The unions have blamed their losses on the company requiring workers to attend meetings where management talked against joining unions. The company reportedly warned that a union may not be able to negotiate any better of a deal than the workers have now, but would likely make things between the workers and management more combative. Unions are, after all, prone to conflict.

To labor activists such “captive audience” mandatory meetings constitute union-busting. National Labor Relations Board General Counsel Jennifer Abruzzo has asked the full board to outlaw the practice. (The board has thus far not acted on her request.) Congressional Democrats have tried to get rid of them too. The pro-union Protecting the Right to Organize Act would prohibit companies from making the meetings mandatory. The legislation has stalled in the Senate.

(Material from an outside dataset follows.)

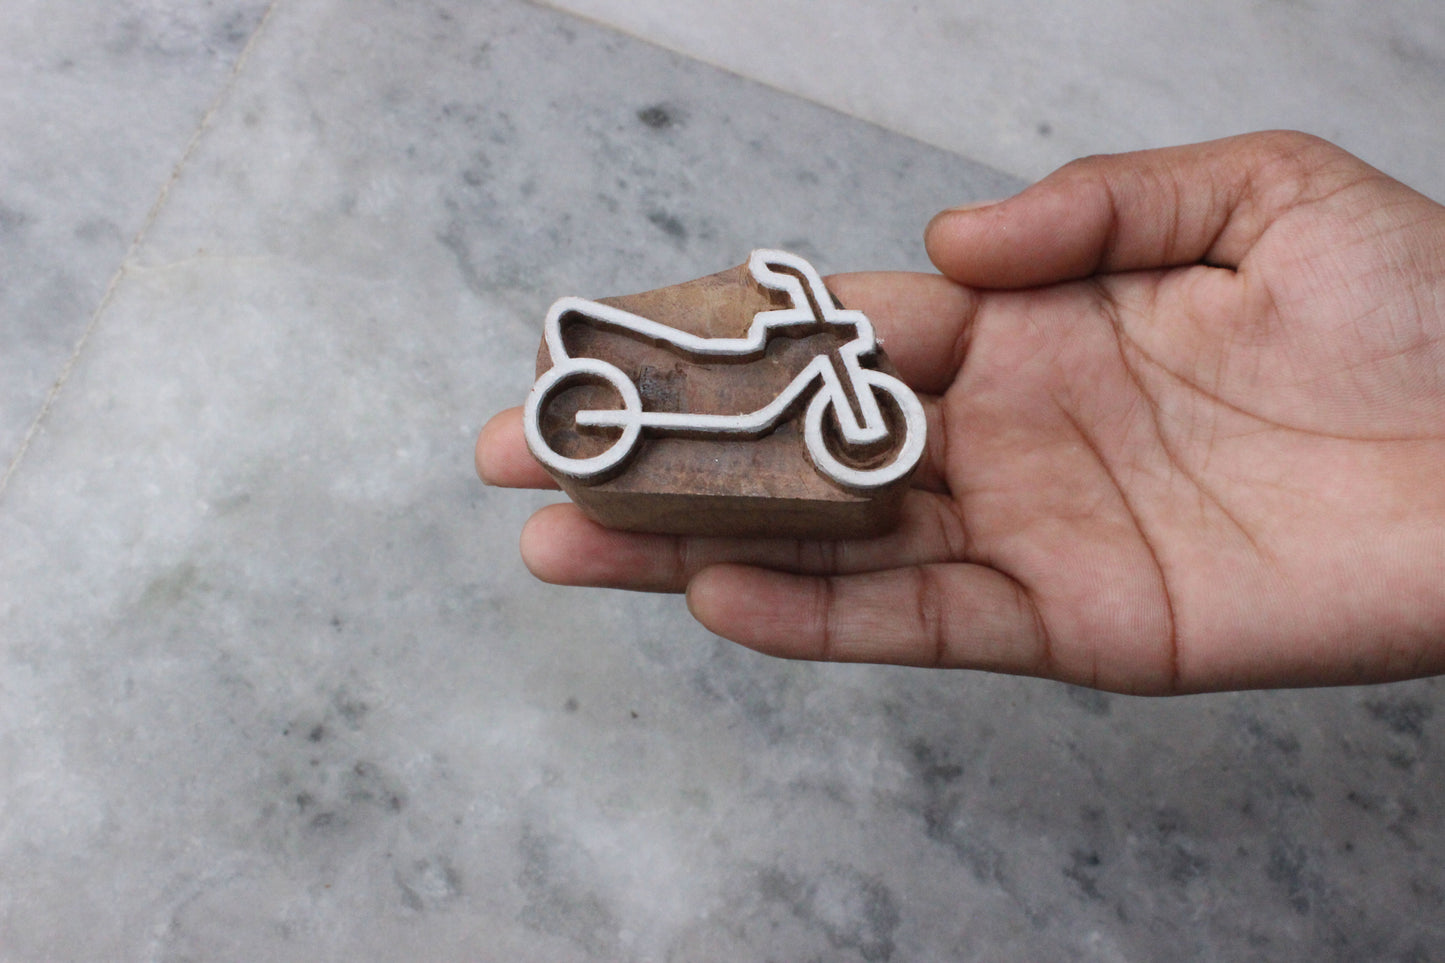 Bike Stamp Hand Carved Wood Block Stamp Vehicle Fabric Stamp Hand Carved Textile Printing Block For Printing Indian Soap Stamp Traditional Wooden Printing Block

There is no good reason why managers shouldn’t be able to make a pitch to workers just like union activists. Collective bargaining is—or at least ought to be—the workers’ choice. They should be able to hear from all sides before they decide.

The meetings frustrate union activists because the company’s arguments often resonate with workers. “Having a union come in and disturb the communication we have with leadership; why have that?” Albany worker Yari Reyes told The Wall Street Journal after last week’s vote. “Bringing a union in would have just divided us more.”

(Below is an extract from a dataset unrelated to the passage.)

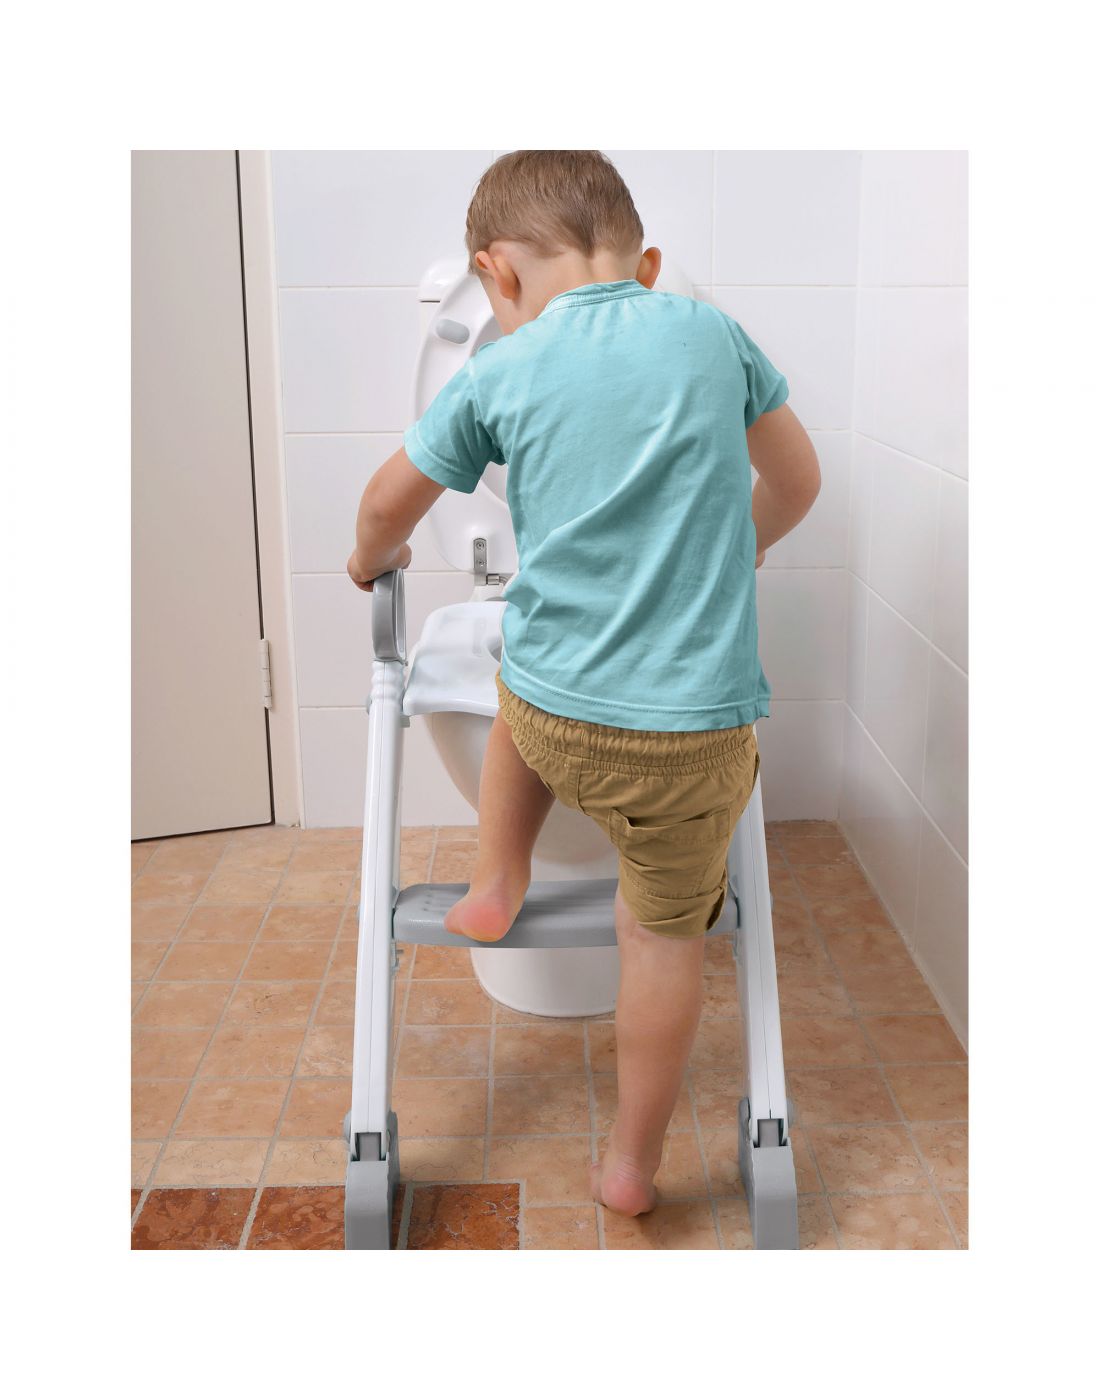 DreamBaby Kids Toilet Trainer Seat with step Grey/White

“If anything, I’m concerned a union will take money out of my paycheck,” Dionte Whitehead, another Albany worker, told CNBC. “A union isn’t good for Amazon.”

Notably, there are different rules for the rhetoric that unions can use in these situations. Under the National Labor Relations Act (NLRA), union activists are given leeway to describe the company or management in harsh terms. It is just understood that union activists’ rhetoric can sometimes get heated. Amazon was forced by the National Labor Relations Board to rehire a worker and union activist it had fired earlier this year because the worker had called a female coworker a series of expletives after she expressed annoyance with his activism. The board determined that the fired workers’ comments were nevertheless protected activities under the NLRA.

Management, by contrast, cannot say anything that could “interfere with, restrain, or coerce employees in the exercise of the rights” they have under the NLRA. Management doesn’t have to intend to violate workers’ rights either. If a worker can reasonably construe something management said or did as a threat, regardless of the employer’s intent, that’s a violation. Employers therefore have to walk a very narrow line.

Earlier this year, union activists surreptitiously recorded one of the Amazon meetings and posted the recording online. The recording revealed two Amazon representatives warning workers that having unions might “disrupt the direct relationship between Amazon and our associates” and that workers might find themselves with reduced benefits and higher health care premiums, according to the website LaborLab. That was apparently as far as it got.

Some union activists boasted that they had turned the meetings to their advantage by crashing the events and challenging the Amazon representatives’ claims. “People pushed back against the anti-union narrative so much they sometimes had to end sessions early, due to workers who weren’t even on the organizing committee in a peripheral way. That’s why we were confident,” activist Justine Medina told In These Times in April.

Yet, these meetings are often the only way for workers to get information about what collective bargaining means for them that doesn’t come directly from labor activists. The fact that companies like Amazon make worker attendance at the meetings mandatory is problematic, since that limits the worker’s own autonomy, but the NLRA also limits the rights of individual workers in several ways that benefit unions. As long as that remains the case, some balance is needed. Letting a company talk to its own workers is pretty minor as such limits go.